Reporter: Noverius Laoli | Editor: Yudho Winarto
KONTAN.CO.ID - JAKARTA. DPR bersama Pemerintah memutuskan 50 rancangan undang-undang (RUU) masuk dalam program legislasi nasional 2018, sebanyak 44 RUU merupakan luncuran dari tahun 2017.
Menanggapi hal tersebut, Ketua Bidang Kajian dan Penelitian Hukum DPP Ikatan Advokat Indonesia (Ikadin) Rivai Kusumanegara menyesalkan tidak masuknya RUU Hukum Acara Perdata dalam Prolegnas 2018, padahal bagian dari Prolegnas tahun 2015-2019 dan Badan Pembinaan Hukum Nasional (BPHN) sendiri telah memiliki draft RUU berikut Naskah Akademiknya.
"Sejak beberapa bulan lalu kami berkoordinasi dengan BPHN mengenalkan konsep pengadilan perdata yang modern. Namun luncuran RUU 2017 terlalu banyak, jadi tidak masuk. Untuk 2019 kami ragu karena itu tahun politik", ujar Rivai dalam siaran pers kepada Kontan.co.id, Jumat (24/11).

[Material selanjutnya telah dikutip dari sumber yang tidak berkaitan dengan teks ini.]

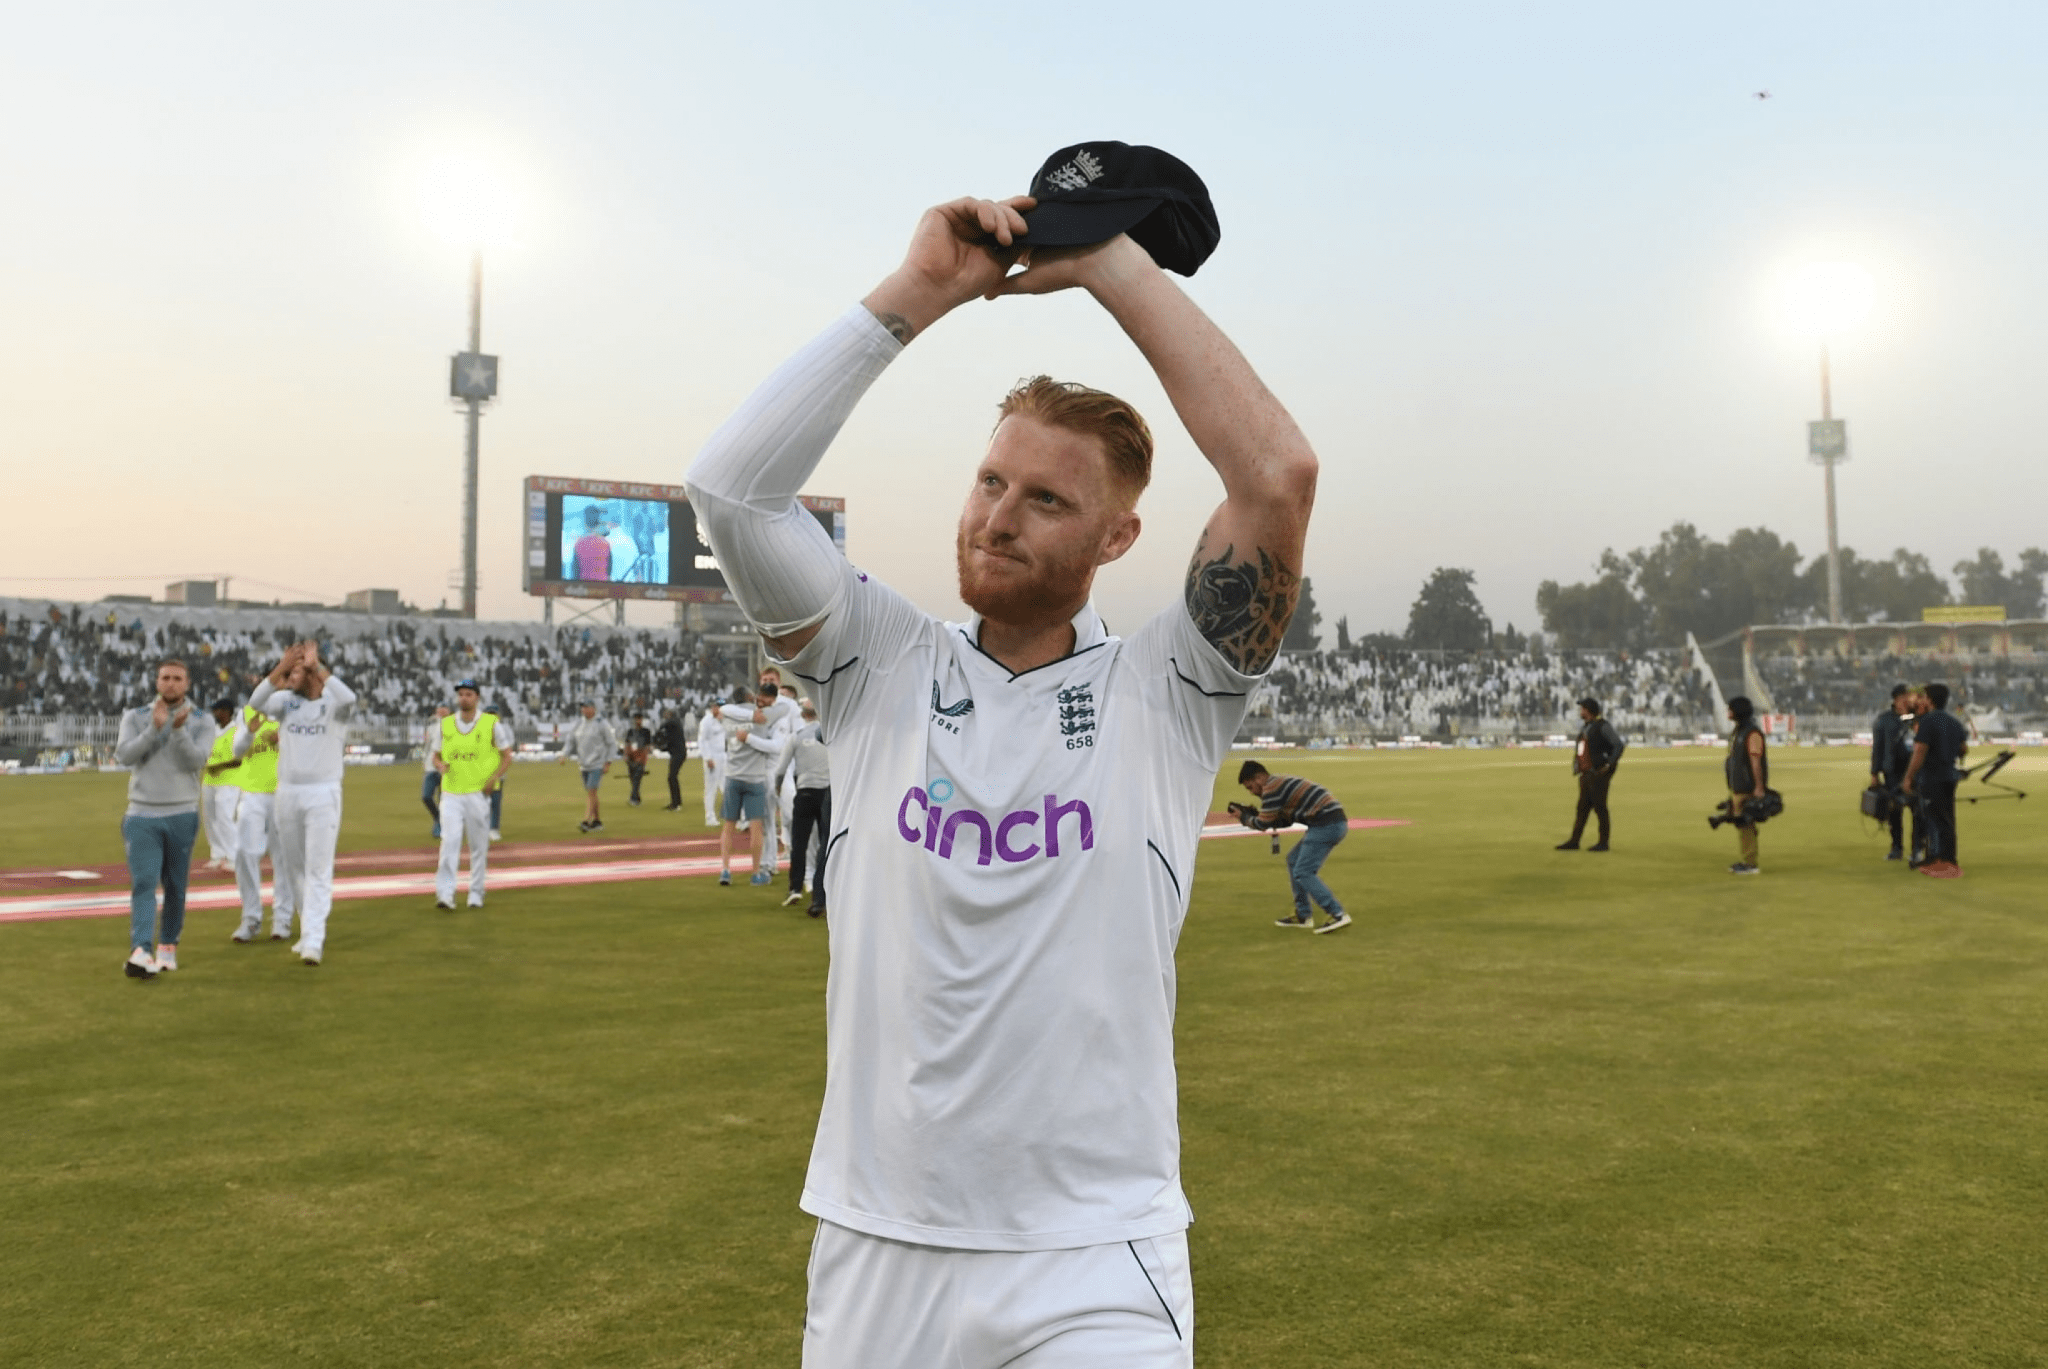 PAK ENG 2ND Test: Pakistan vs England 2nd test starts in Multan on Friday, Ollie Pope set to keep wickets, Check PAK ENG Playing XI & Watch PAK vs ENG LIVE Streaming

Rivai menjelaskan pelaku usaha lebih memilih penyelesaian sengketa di BANI atau Siac (Singapura). Itu disebabkan pengadilan perdata Indonesia tidak cepat dan lugas, bahkan masih gunakan produk hukum Hindia Belanda tahun 1847. "Jika pengadilan perdata fair, sederhana dan memiliki kepastian tentu akan mendorong iklim usaha dan investasi lebih baik", jelas Rivai.
Ikadin menawarkan konsep pengadilan perdata dengan pembatasan upaya hukum. Bagi kasus rumit hanya mengenal kasasi seperti halnya kasus kepailitan, perburuhan dan HaKI saat ini. Sedang untuk kasus sederhana selesai di tingkat banding.
Berita acara sidang dibagikan setiap sidang seperti halnya di Mahkamah Konstitusi, demikian juga semua panggilan melalui pos seperti di PTUN saat ini. Model lelang eksekusi diubah agar animo peserta tinggi.
"Diharapkan Pemerintah dan DPR melihat modernisasi pengadilan perdata sebagai stimulus pemajuan ekonomi dan investasi di tengah menurunnya kondisi ekonomi Indonesia. Bahkan jika dianggap mendesak bisa diproses dengan Perppu" tutup Rivai.